# GeoPre: Geospatial Data Processing Toolkit
**GeoPre** is a Python library designed to streamline common geospatial data operations, offering a unified interface for handling raster and vector datasets. It simplifies preprocessing tasks essential for GIS analysis, machine learning workflows, and remote sensing applications.
### Key Features
- **Data Scaling**:
- Normalization (Z-Score) and Min-Max scaling for raster bands.
- Prepares data for ML models while preserving geospatial metadata.
- **CRS Management**:
- Retrieve and compare Coordinate Reference Systems (CRS) across raster (Rasterio/Xarray) and vector (GeoPandas) datasets.
- Ensure consistency between datasets with automated CRS checks.
- **Reprojection**:
- Reproject vector data (GeoDataFrames) and raster data (Rasterio/Xarray) to any target CRS.
- Supports EPSG codes, WKT, and Proj4 strings.
- **No-Data Masking**:
- Handle missing values in raster datasets (NumPy/Xarray) with flexible masking.
- Integrates seamlessly with raster metadata for error-free workflows.
- **Cloud Masking**:
- Identify and mask clouds in Sentinel-2 and Landsat imagery.
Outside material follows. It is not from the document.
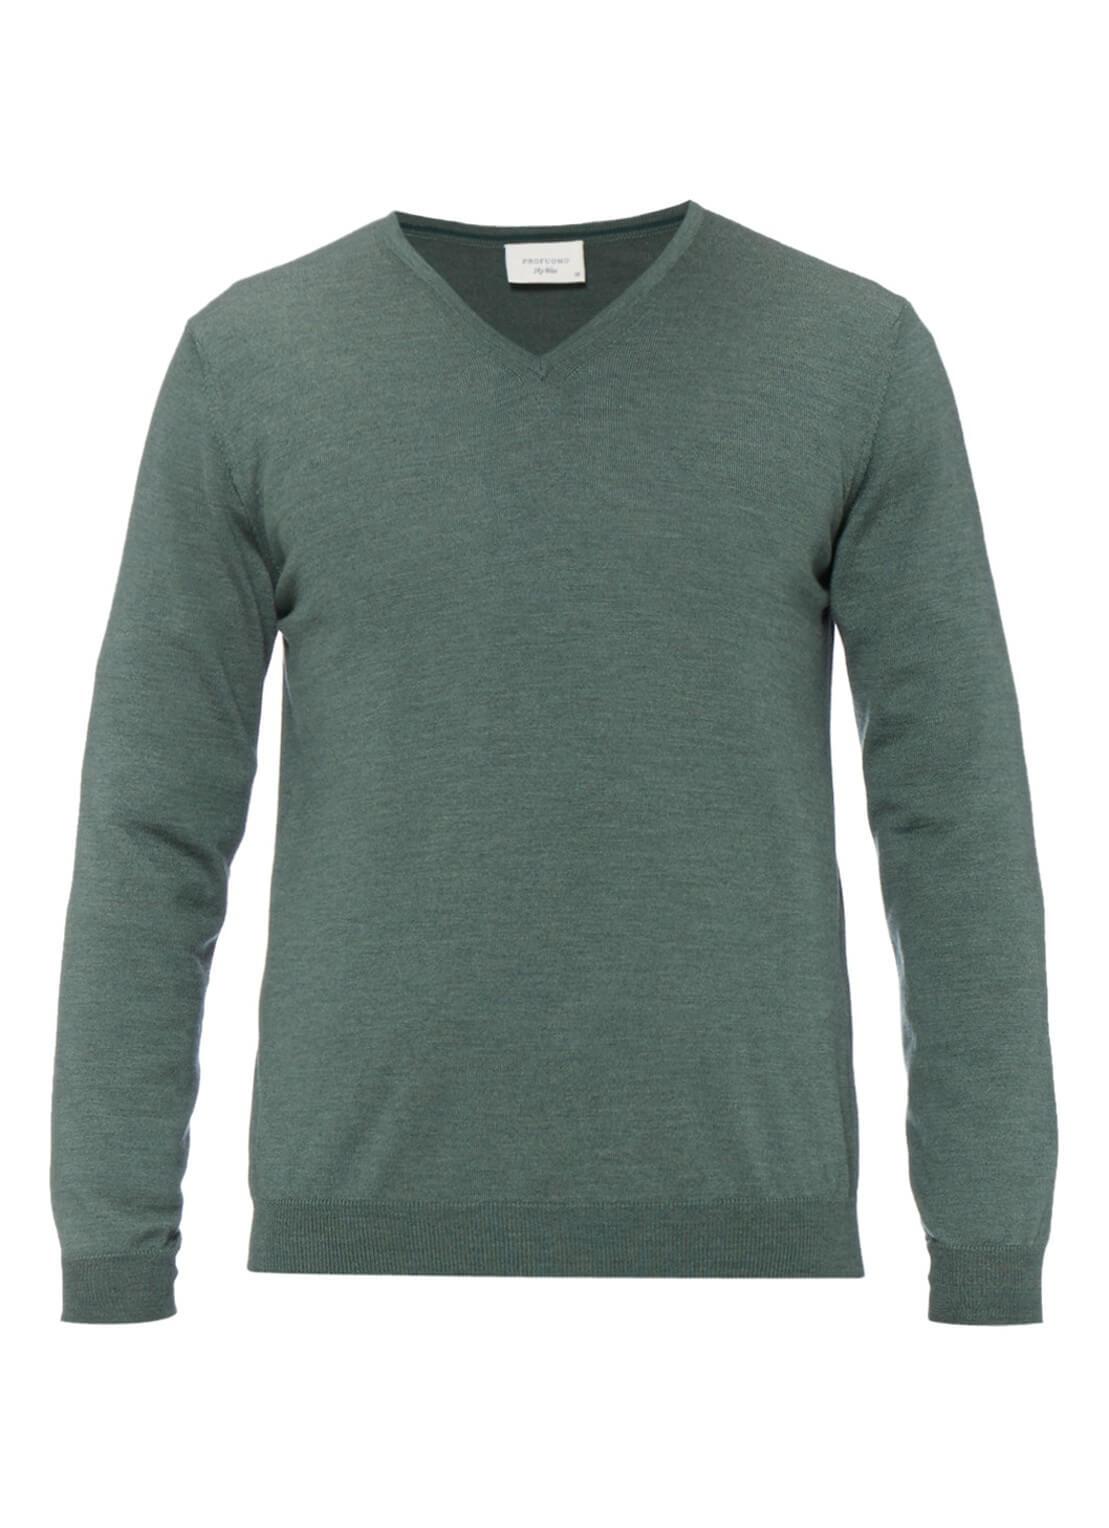 Sweaters - Mr.Draper

- Supports multiple methods: QA bands, scene classification layers (SCL), probability bands, and OmniCloudMask AI-based detection.
- Optionally mask cloud shadows for improved accuracy.
- **Band Stacking**:
- Stack multiple raster bands from a folder into a single multi-band raster for analysis.
- Supports automatic band detection and resampling for different resolutions.
### Supported Data Types
- **Raster**: NumPy arrays, Rasterio `DatasetReader`, Xarray `DataArray` (via rioxarray).
- **Vector**: GeoPandas `GeoDataFrame`.
### Benefits of GeoPre
- **Unified Workflow**: Eliminates boilerplate code by providing consistent functions for raster and vector data.
- **Interoperability**: Bridges gaps between GeoPandas, Rasterio, and Xarray, ensuring smooth data transitions.
- **Robust Error Handling**: Automatically detects CRS mismatches and missing metadata to prevent silent failures.
- **Efficiency**: Optimized reprojection and masking operations reduce preprocessing time for large datasets.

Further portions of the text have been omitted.